Friday, December 22, 2023
Touch of an old friend’s hand
it's hard to remember
Sometimes it's hard to remember that I'm not the only one who has lost someone.
It's a little embarrassing to admit, but I can honestly say that I have more good moments than bad now… More good days than bad days now...More Hope than hopelessness now.
I have discovered that when I feel like I'm the only person who understands that, God usually sends someone to me very quickly to remind me that I'm not alone.
So I've decided that today I am going to make someone else's day.
When I go to the store I'm going to comment about how great someone's shoes are or how amazing their hair looks in the sun or I'll say "what a wonderful smile you have" when I see someone with a wonderful smile.
I discovered a long time ago that it's really easy to make someone's day.
All it takes is a brief comment or a Unexpected compliment to pull somebody else out of a bad day. Shortly after I discovered how easy that was...

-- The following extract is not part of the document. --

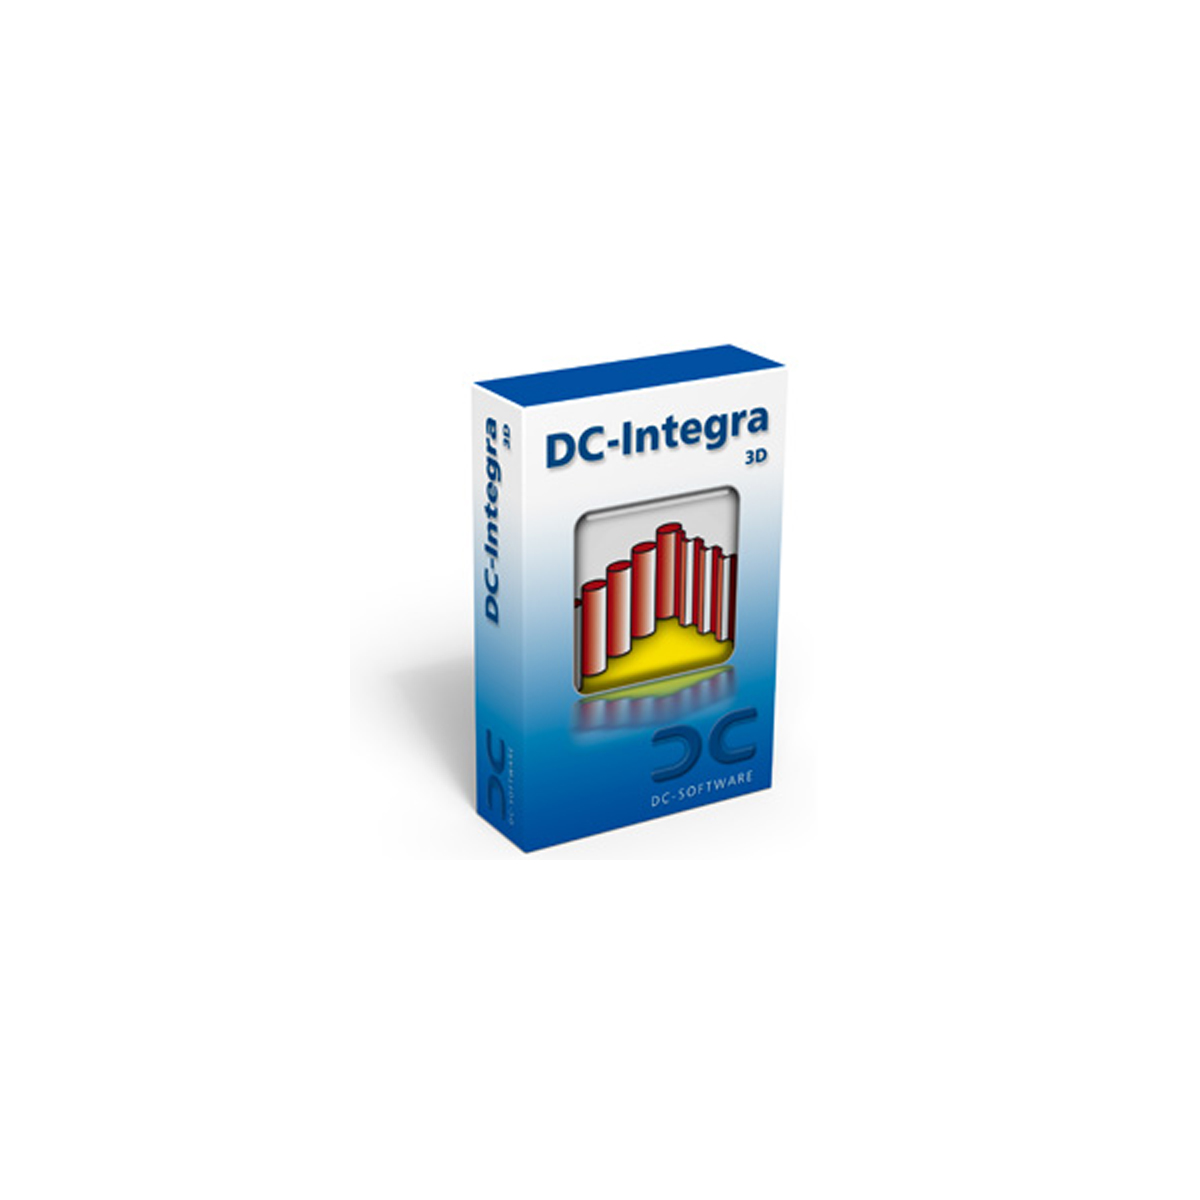 15-Software-za-geotehniku-DC-Integra 3D

I discovered that making someone else's day is also a great way to make my own day!
Why don't you give it a shot today? You can even text someone and make their day. A simple text letting someone know you're thinking about them can go a very long way.

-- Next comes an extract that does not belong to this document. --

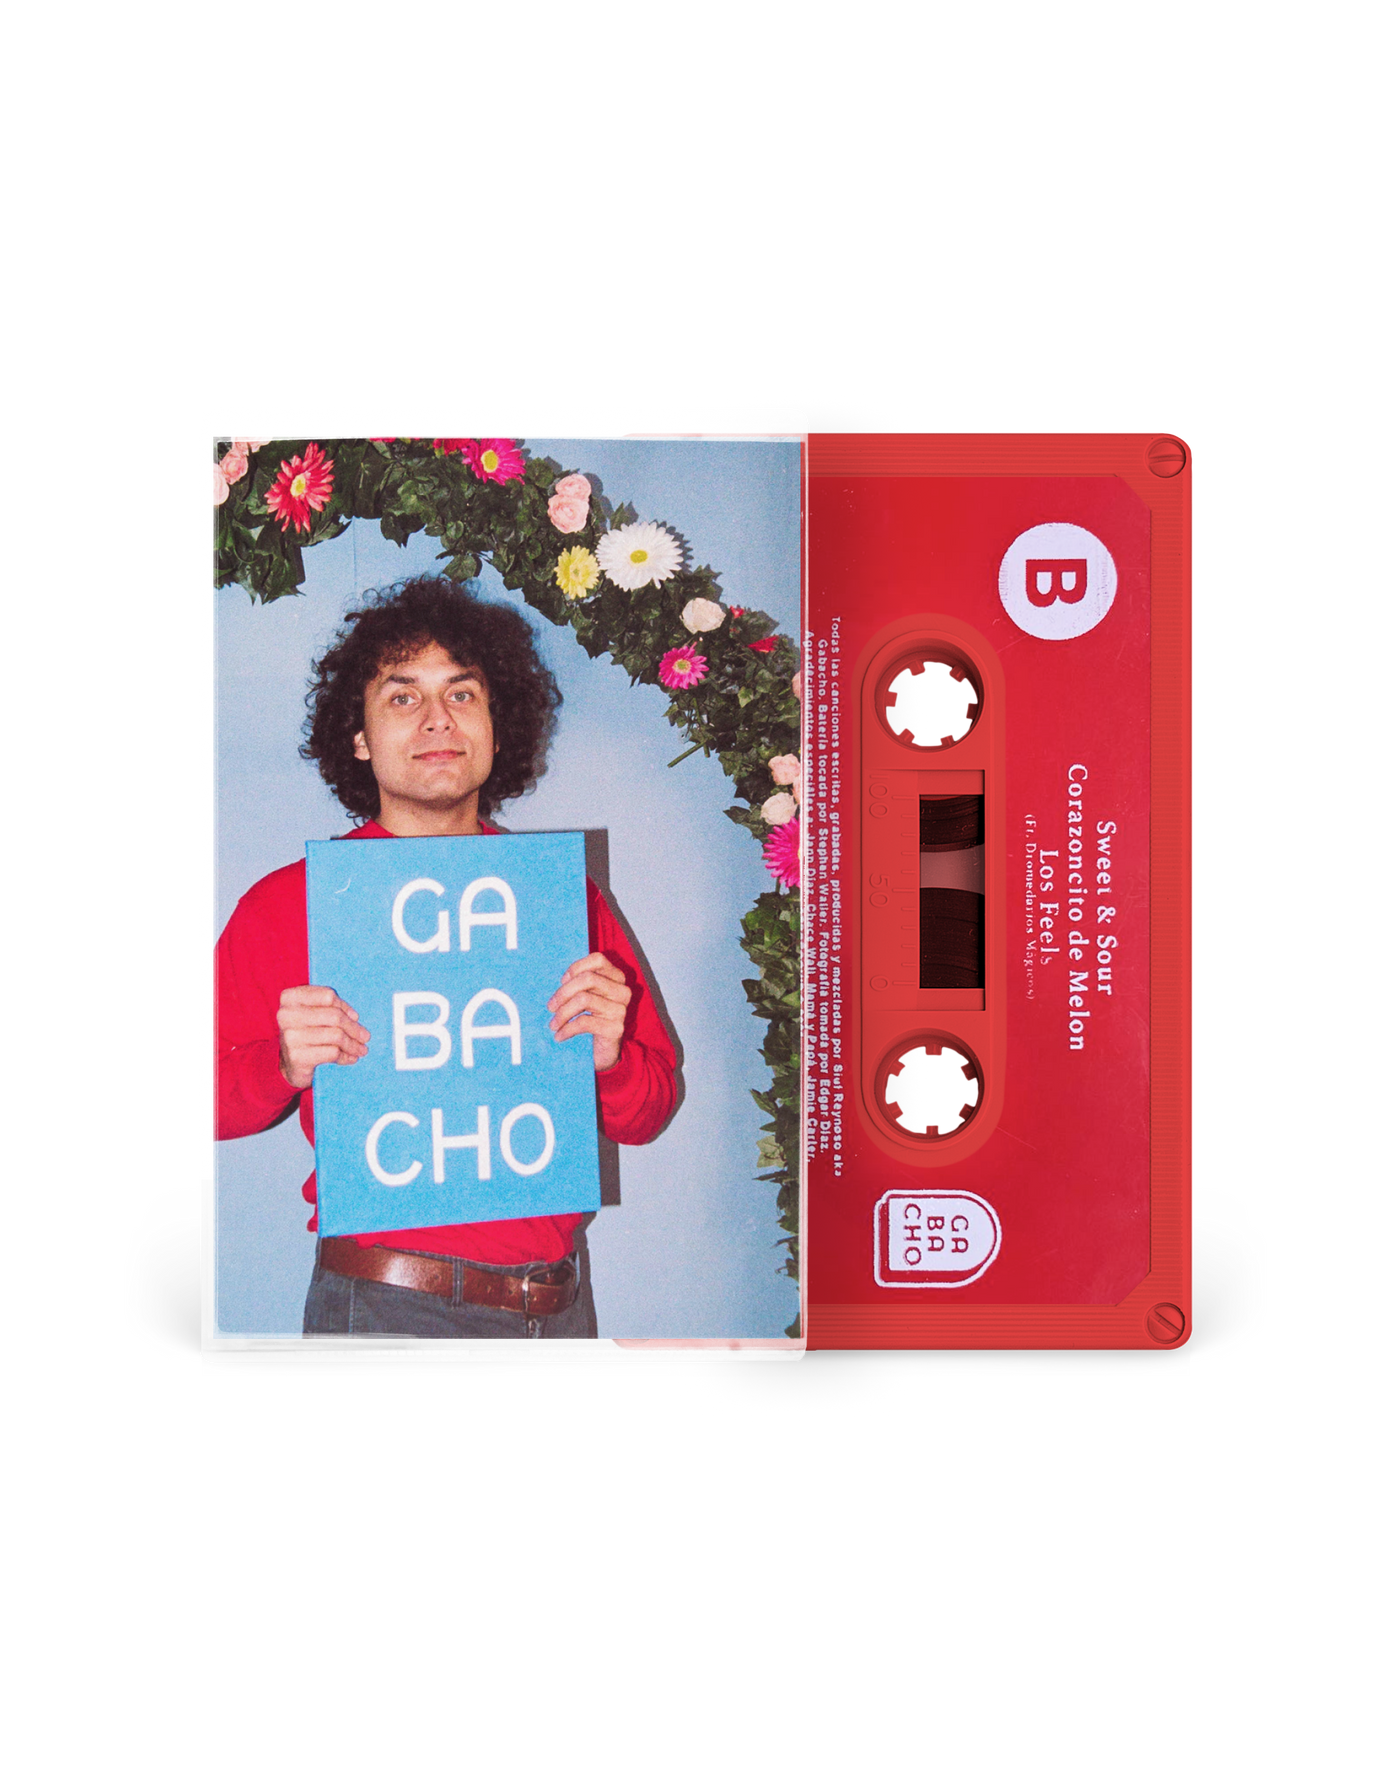 Cassette - Gabacho EP

For the rest of this month, and or the months after I herby promise to go out of my way to make at least one person's day,every day.
You know who's going to be very happy with that decision!

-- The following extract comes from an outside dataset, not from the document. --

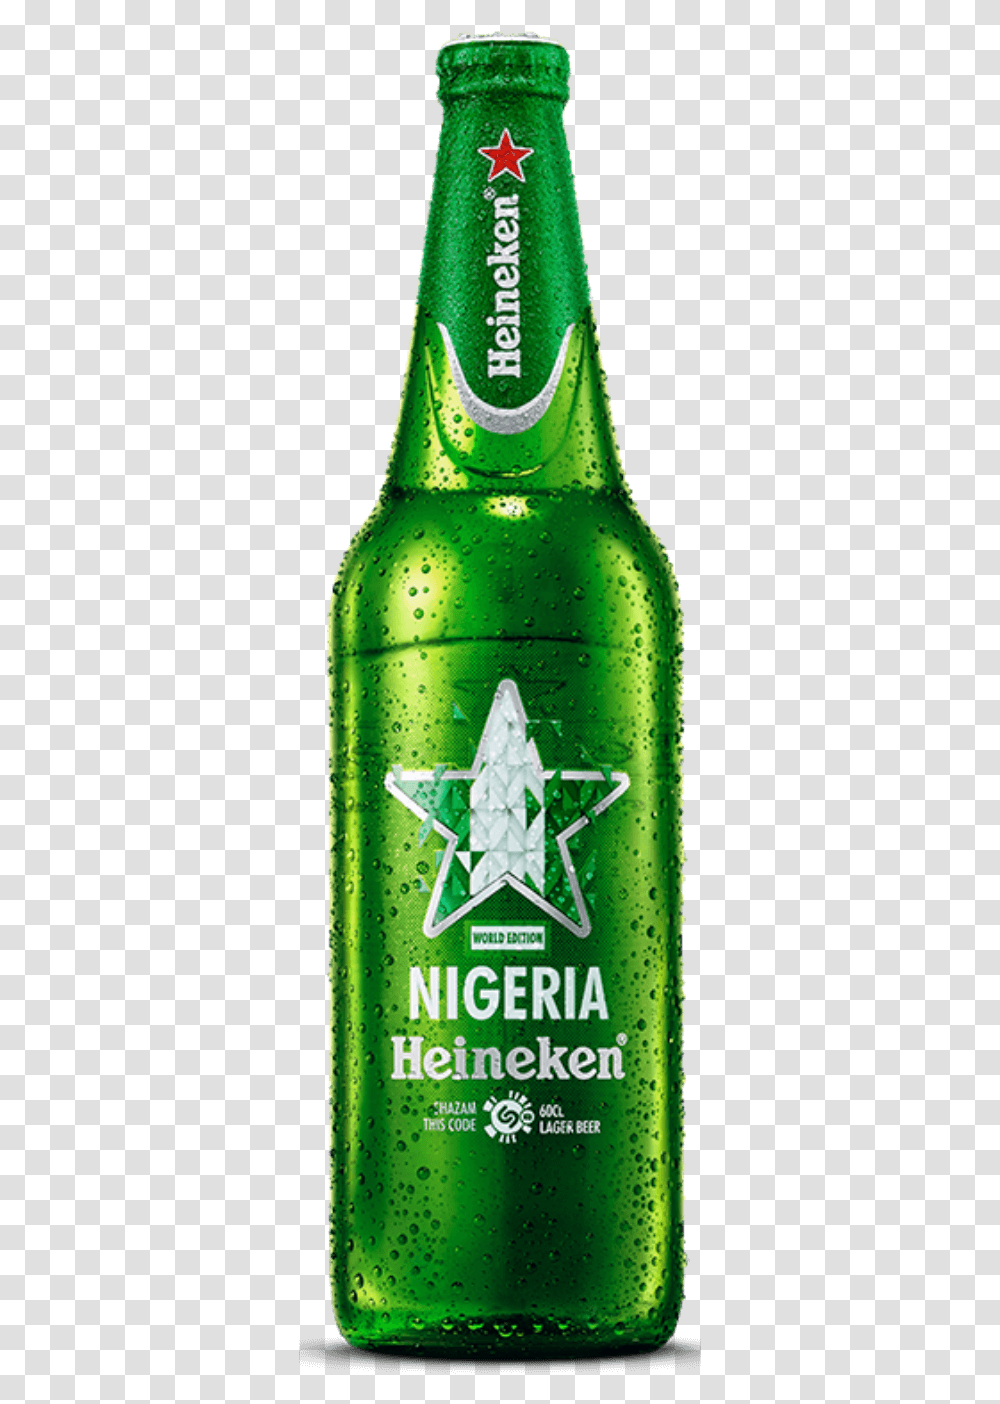 Connected Packaging, Green, Bottle, Beverage, Drink Transparent Png

Saturday, September 23, 2023
Why Crying ?
So I’m cooking breakfast for myself and my wife. Cheese grits, toast, sausage and eggs. Everything going good, been a great morning so far and I have been productive. Then I go to flip her eggs and my hand tremors hit, the yoke bust on both and they land folded. I’m mad I did that when I was doing so good. Then I sit with my wife to eat and when I start to tell her about ruining her eggs I choke up, I can’t stop the feeling of being useless, a failure. I start crying, Tears flowing and I don’t know why. Why ? It was such a good day.
Monday, June 12, 2023
Nobody cares or wants me.
So does it matter that nobody views my page? Am I writing to myself? This is discouraging. It would be nice to know that somebody in this world cares a little. It seems like everything I do is wrong. Just ask my wife. I can't do anything correct. I always try to be honest and sometimes it gets me in hot water.